Un clin d’œil (bridé) sur la Chine

On m’aurait dit il y a seulement un mois qu’aujourd’hui je serai en Chine, j’aurais répondu : t’as fumé quoi ce matin ? Eh bien oui, ça y est : je suis à Beijing.

Je ne sais pas quelle image vous vous faites de cette ville. Est-ce la même que celle que je me faisais moi-même ?

Moi, j’avais en tête des images des monuments de la Chine impériale, de ceux du maoïsme triomphant ainsi que d’une multitude de petites échoppes le long de ruelles étroites. Sans oublier les larges avenues encombrées de cyclistes et de piétons en costume Mao.

Et bien Beijing, c’est bien en partie cela, mais je ne sais pas pour combien de temps encore. Plus personne ne porte de costume Mao, tout le monde est en jeans et T-shirt ou en complet cravate. Les cyclistes et les piétons risquent leur vie en se faufilant entre les voitures dans les embouteillages. Les avenues (disons plutôt les autoroutes urbaines), poussiéreuses et puantes du diésel des bus et camions, sont bordées de gratte-ciels ultramodernes (il y aussi de vieilles tours d’habitation, mais certaines sont sur le point d’être démolies). Les banques alternent avec les filiales de sociétés technologiques occidentales, les hôtels et les restaurants de luxe.

Tiens, d’ailleurs, c’est pas croyable le nombre de restaurants chinois qu’il y a dans le coin. Oh, il y a aussi quelques restaurants « normaux », tels que Mc Donald’s, Kentucky Fried Chicken, Pizza Truc-Chose. Les slogans révolutionnaires ont laissé la place à la publicité la plus tapageuse qu’il m’est arrivé de voir. Certaines étant entièrement en chinois, il m’est impossible de connaitre leur contenu. Les autres sont surprenantes. Plus de la moitié concernent des produits de haute technologie évoquant des détails techniques qui, chez nous, n’intéressent que les spécialistes. Sur la route de l’Aéroport, il y avait même une affiche pour Airbus et une autre pour les réacteurs d’avion Pratt et Whitney.

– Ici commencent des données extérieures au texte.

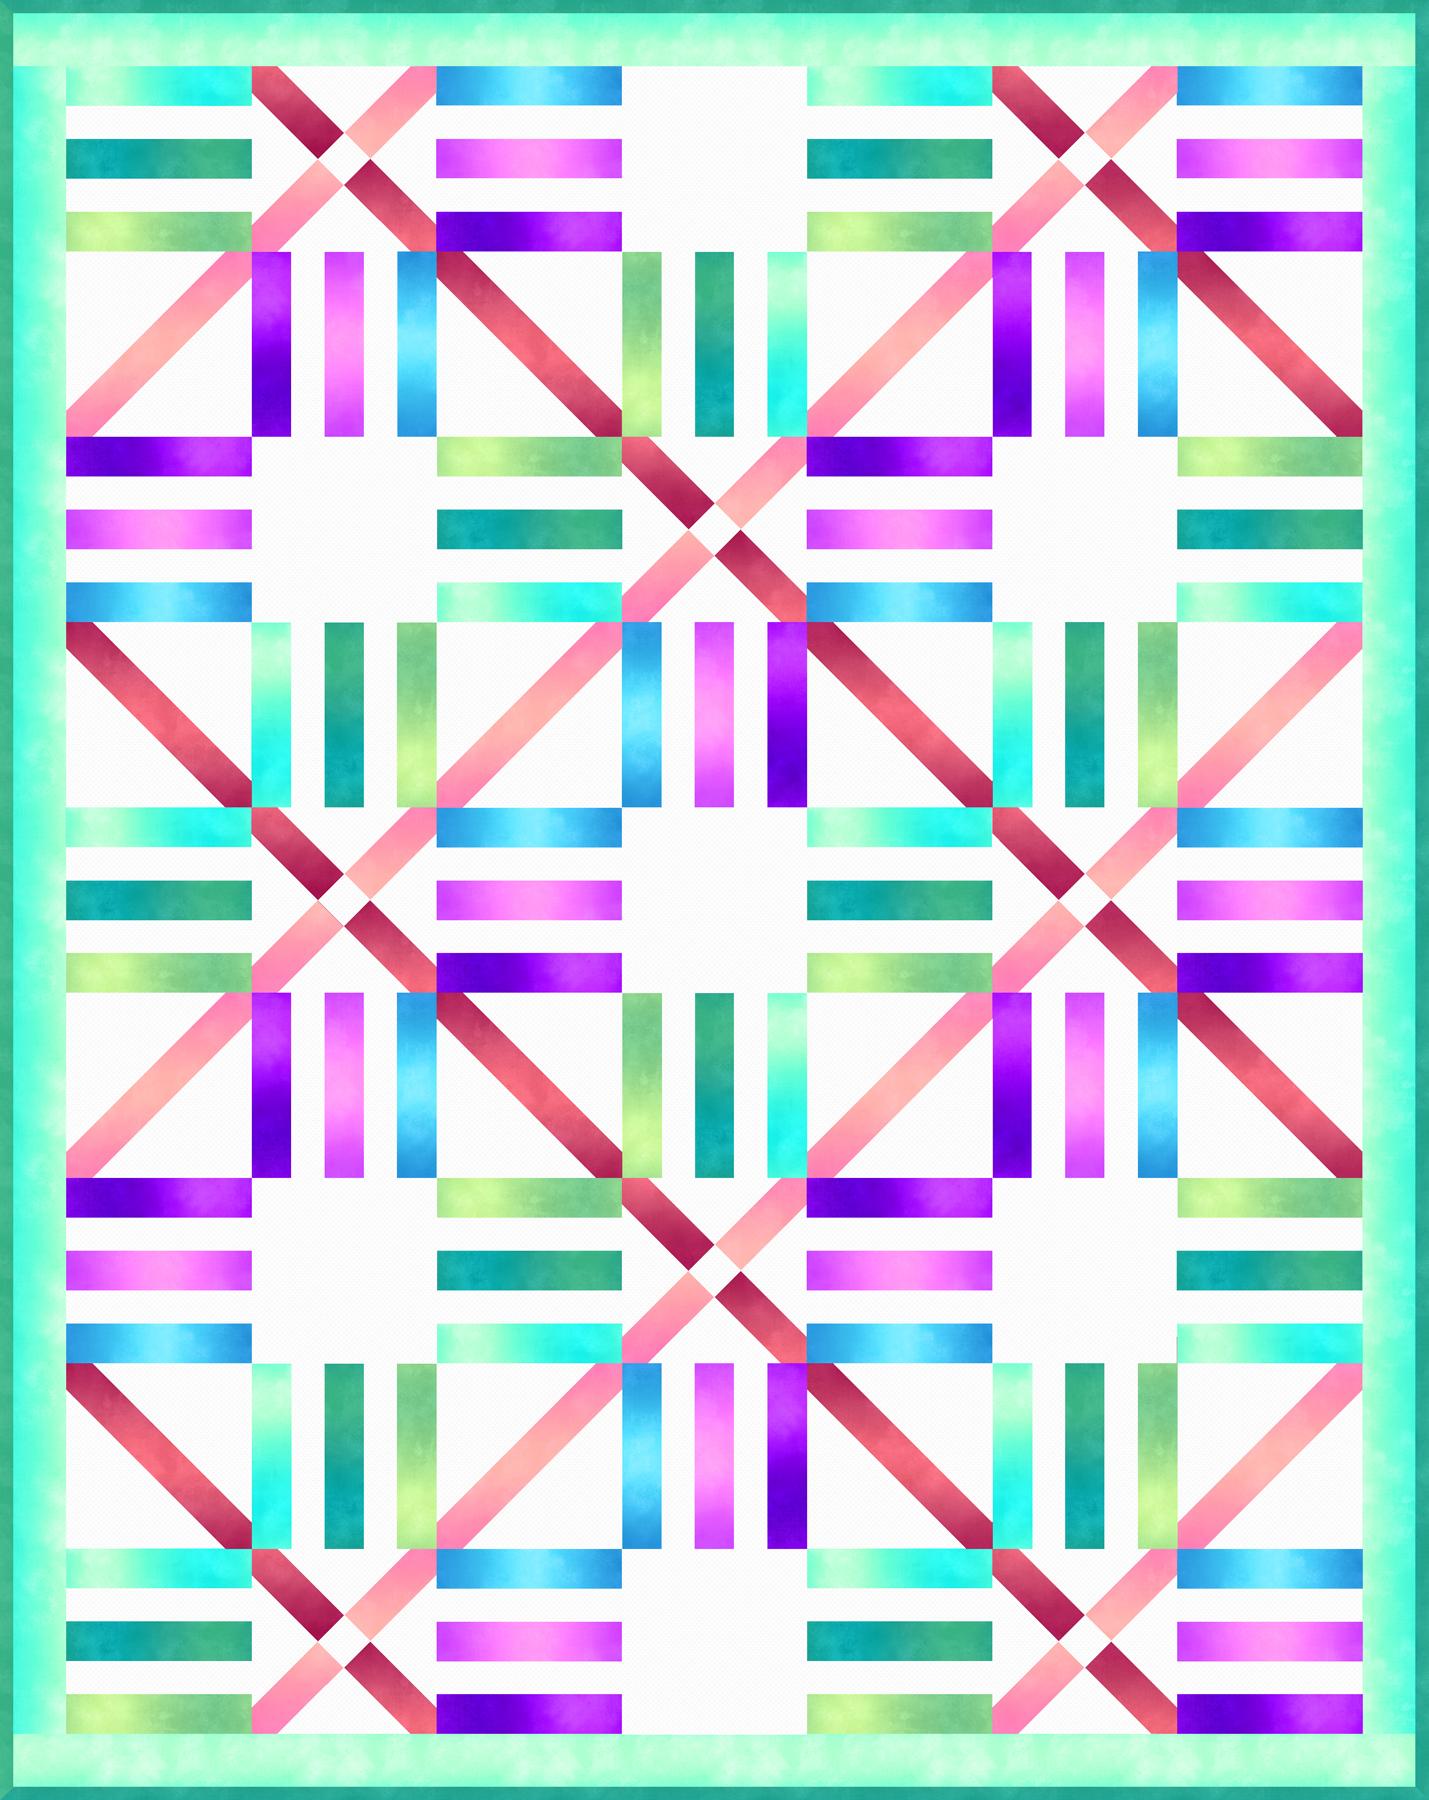 Ombre Parquet Pattern - Cool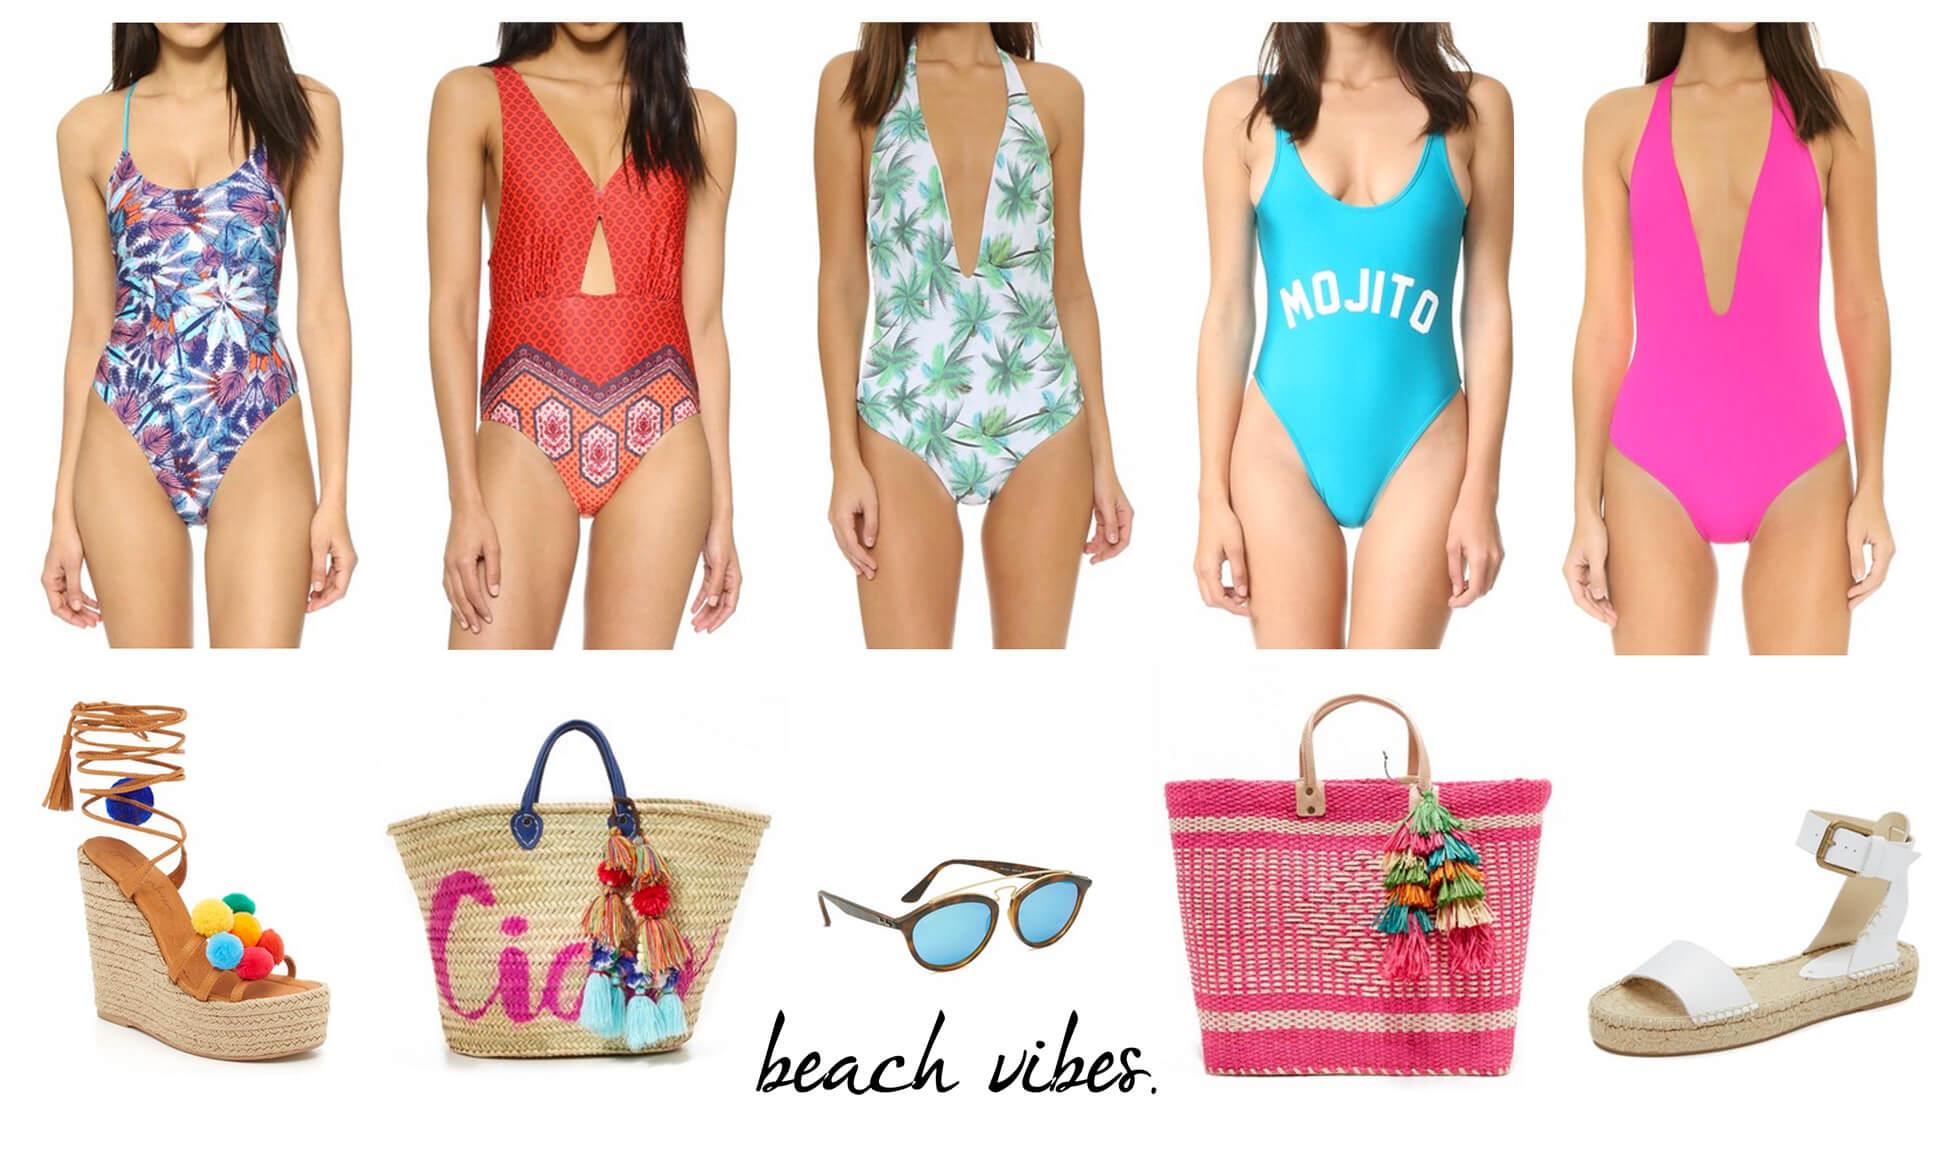 janni-deler-beach-favorite-pieces

Bien sûr, dès que l’on s’aventure dans les petites rues, on découvre des échoppes vendant de tout sur 5 mètres carrés où quatre personnes attendent le client, scotchés devant la télévision, ainsi que des épiceries encore plus petites qui servent également de cabines téléphoniques. Mais à la vitesse où tout se développe ici, la quantité des chantiers en témoigne, toute cette population aura bientôt entièrement disparu, assimilé à la classe moyenne naissante pour les plus chanceux, chassés dans de lointaines banlieues crasseuses pour les autres.

Mais le communisme est encore bien présent. Même si les gens que j’ai rencontrés (de jeunes informaticiens essentiellement) ne jurent que par le capitalisme, les mentalités offrent encore une grande place pour la centralisation et un certain dirigisme. Sur la place Tien Anmen, en face de la cité interdite où trône le portrait de Mao, les policiers en uniformes (et probablement aussi en civil) sont bien présents, comme le panier à salade prêt à embarquer toute personne manifestant la moindre velléité de contestation.

Dans la campagne environnante, pour ce que j’ai pu en voir, l’agriculture est encore organisée en fermes collectives. Les maisons sont dans un état calamiteux. Pourtant, par-ci par-là, quelques chauffe-eaux solaires indiquent que les premiers rudiments de confort font leur apparition en ces lieux. Plus au nord, dans les montagnes près de la grande muraille, on peut voir, encore préservés, quelques villages de la Chine traditionnelle.


Ce texte a été écrit à Beijing le dimanche 14 mai 2000.